An implementation of the Ant FileSet class.

Arguments to the constructor:

  1. include: An Ant glob or list of Ant globs for matching files to include in the response. Ant globs can be specified either:
    1. As a string, eg "*.py", or
    2. As a Pattern object
  2. exclude: Specified in the same was as include, but any file that matches an exclude glob will be excluded from the result.
  3. directory: The directory from which to start the search; if None, the current working directory is used
  4. default_excludes: A boolean; if True (or omitted) the DEFAULT_EXCLUDES will be combined with the exclude. If False, the only excludes used are those in the excludes argument
  5. symlinks: Sets whether symbolic links are included in the results or not.
  6. walk: A function whose argument is a single directory that returns a list of (dirname, subdirectoryNames, fileNames) tuples with the same semantics of os.walk(). Defaults to os.walk()

Usage

First, construct a FileSet:

from formic import FileSet
fileset = FileSet(directory="/some/where/interesting",
                  include="*.py",
                  exclude=["**/*test*/**", "test*"]
                  )

There are three APIs for retrieving matches:

  1. FileSet is itself an iterator and returns absolute file names:

    for filename in fileset:
        print filename
    
  2. For more control, use fileset.qualified_files().
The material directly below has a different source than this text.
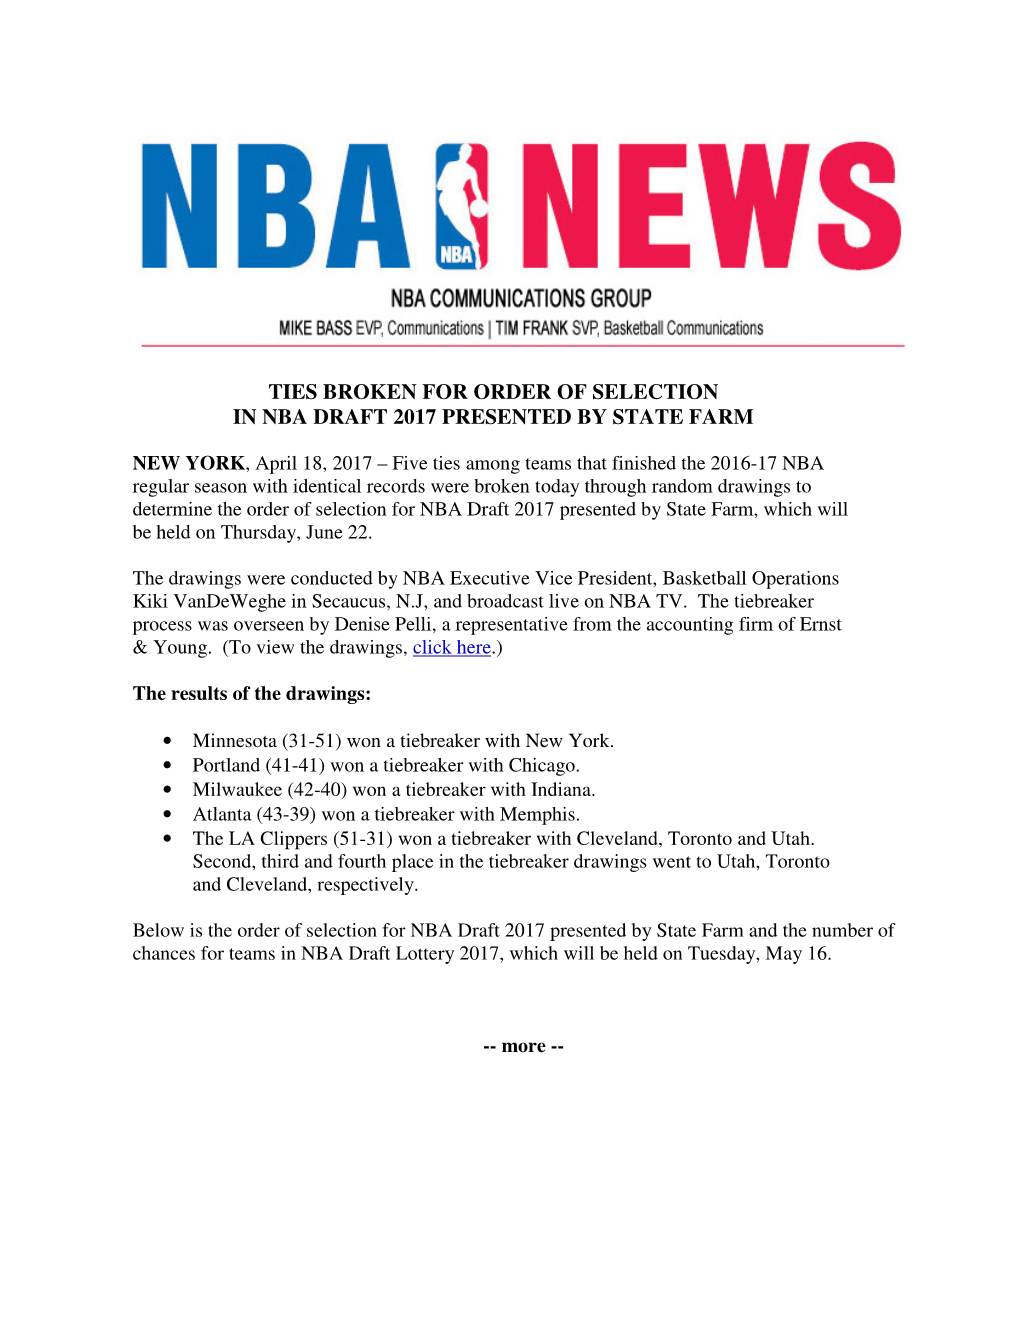 Ties Broken for 2017 NBA Draft

The following prints filenames relative to the directory:

    for filename in fileset.qualified_files(absolute=False):
        print filename
    
  3. For absolute control, use the fileset.files() method and handle the returned tuple yourself:

    prefix = fileset.get_directory()
    for directory, file_name in fileset.files():
        sys.stdout.write(prefix)
        if dir:
            sys.stdout.write(path.sep)
            sys.stdout.write(directory)
        sys.stdout.write(path.sep)
        sys.stdout.write(file_name)
        sys.stdout.write("\n")
    

Implementation notes:

  • FileSet is lazy: The files in the FileSet are resolved at the time the iterator is looped over. This means that it is very fast to set up and (can be) computationally expensive only when results are obtained.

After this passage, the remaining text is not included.